* Material supplied
--------------------------------

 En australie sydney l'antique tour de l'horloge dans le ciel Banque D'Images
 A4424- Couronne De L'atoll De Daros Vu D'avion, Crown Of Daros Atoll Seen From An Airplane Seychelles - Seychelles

--------------------------------

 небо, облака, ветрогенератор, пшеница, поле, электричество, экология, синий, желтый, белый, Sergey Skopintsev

--------------------------------

* Work item
Go through the material above and output exactly the lines from the one containing "En australie sydney" through the one containing "A4424- Couronne De".

* Expected answer
 En australie sydney l'antique tour de l'horloge dans le ciel Banque D'Images
 A4424- Couronne De L'atoll De Daros Vu D'avion, Crown Of Daros Atoll Seen From An Airplane Seychelles - Seychelles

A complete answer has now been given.